Intentional Offline is supposed to set the resources offline in a similar way to manually taking a resource offline using 'hares -offline ...' or using the VCS GUI. It works as intended in general, and we are very happy with it. We also set the ExternalStateChange attribute on our resources which support Intentional Offline to 'OnlineGroup & OfflineGroup', meaning that VCS takes the service group online or offline as appropriate in respose to an external state change. Our service groups are very simple NIC->IP->Application resource dependencies, with no service group to service group dependencies defined.
THE PROBLEM:
Consider this scenario:
The "custom_app_grp" service group is online on "nodeA" of our cluster. Our cluster contains three nodes: nodeA, nodeB and nodeC. The "custom_app_grp" group contains NIC ("custom_app_nic_res"), IP ("custom_app_ip_res") and Application ("custom_app_srv_res") resources, and the monitoring script for the Application resource supports "Intentional Offline". The service group is allowed to start on any node in the cluster, but is a failover service group, and can only run on one node at once.
We take our application offline using the application controls outside of Veritas. The "custom_app_srv_res" resource goes OFFLINE in response, and since ExternalStateChange is set, this brings the "custom_app_grp" service group offline too. The "custom_app_grp" is now OFFLINE on "nodeA". All nodes, "nodeA", "nodeB" and "nodeC", are online, but are now not running any other service groups apart from the cluster service group.
We now reboot the "nodeA" server. What we now experience is that the "custom_app_grp" now invokes its fail-over behaviour, and VCS attempts to restart the service group on "nodeB".

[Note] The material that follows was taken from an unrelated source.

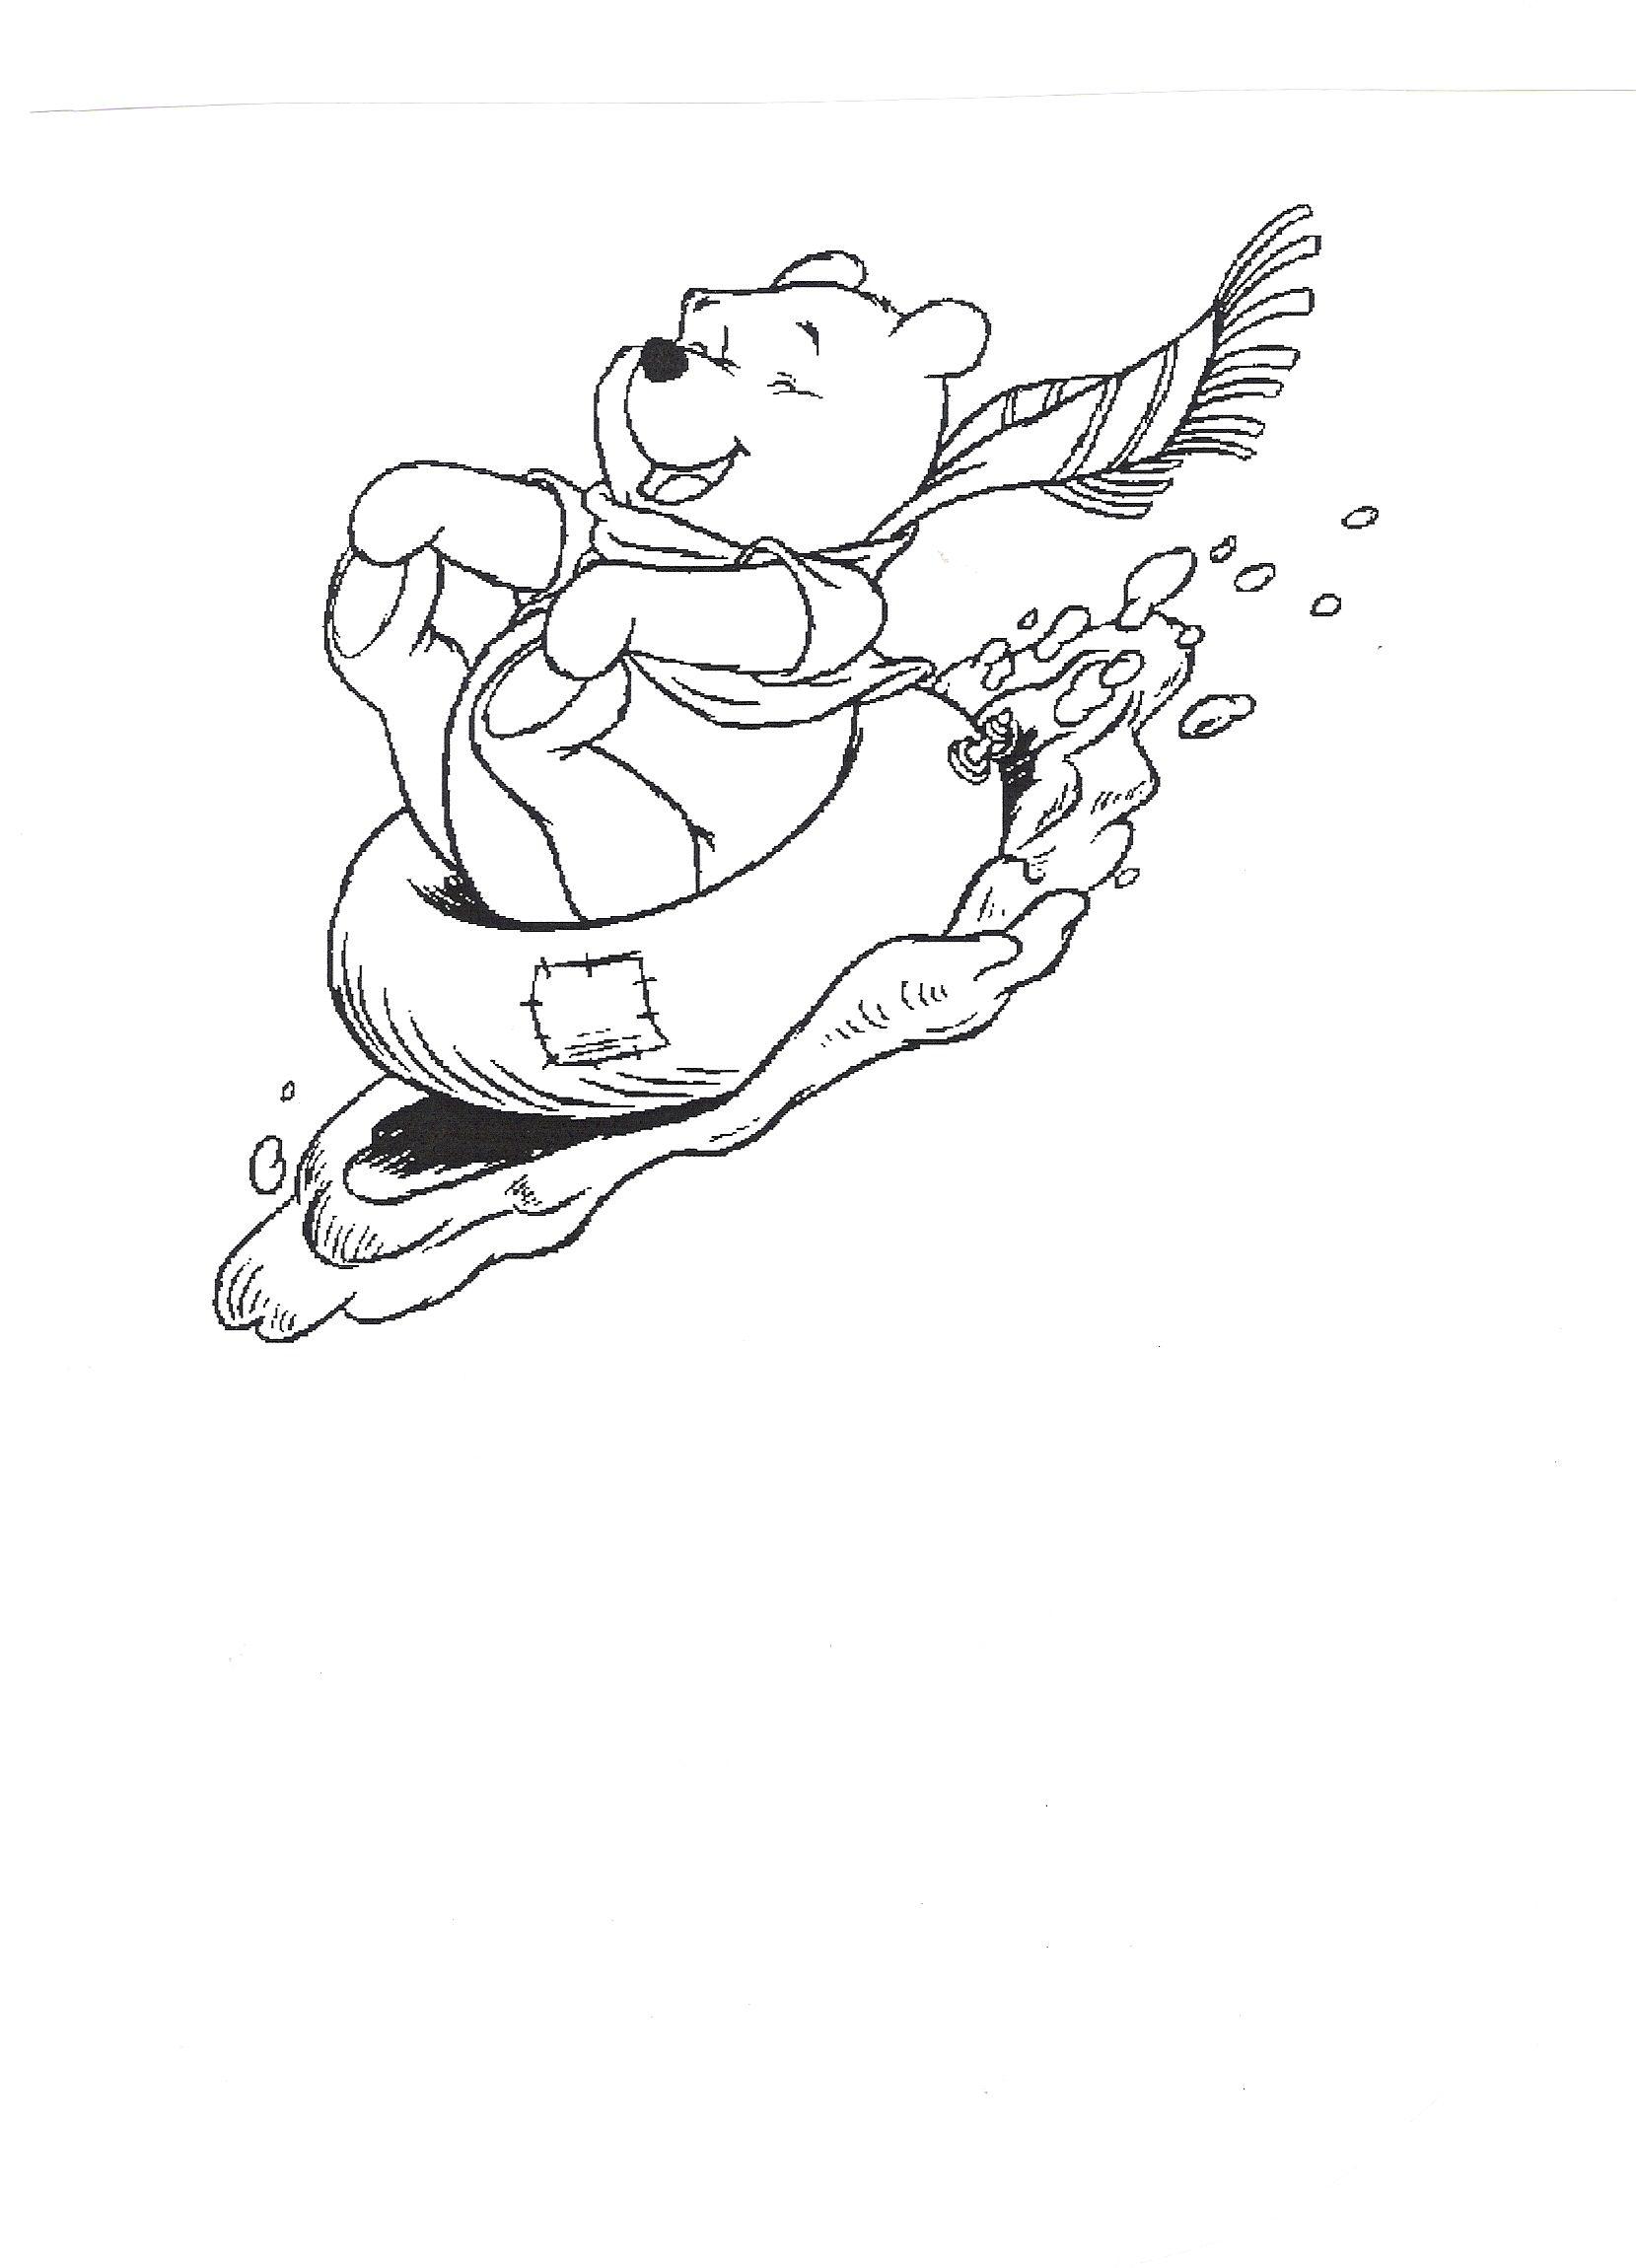 Pin de Silvia Poblete en fotocopias | Pinterest | Winnie de pooh

Note: if instead of taking the "custom_app_grp" offline outside of VCS control, we instead simply offline the group using 'hagrp' or the VCS GUI, then reboot "nodeA", the "custom_app_grp" does NOT begin to fail over.
...
So: would people expect a service group which is OFFLINE in the cluster, so suddenly be marked as FAULTED and trigger VCS to begin restarting the service group on another node?
We wouldn't.
Has anyone else experienced this behaviour with Intentional Offline? Can Symantec support representatives reading the forum comment on whether they would consider this behaviour a bug?
Many thanks.
Kind regards,
Dave Hassett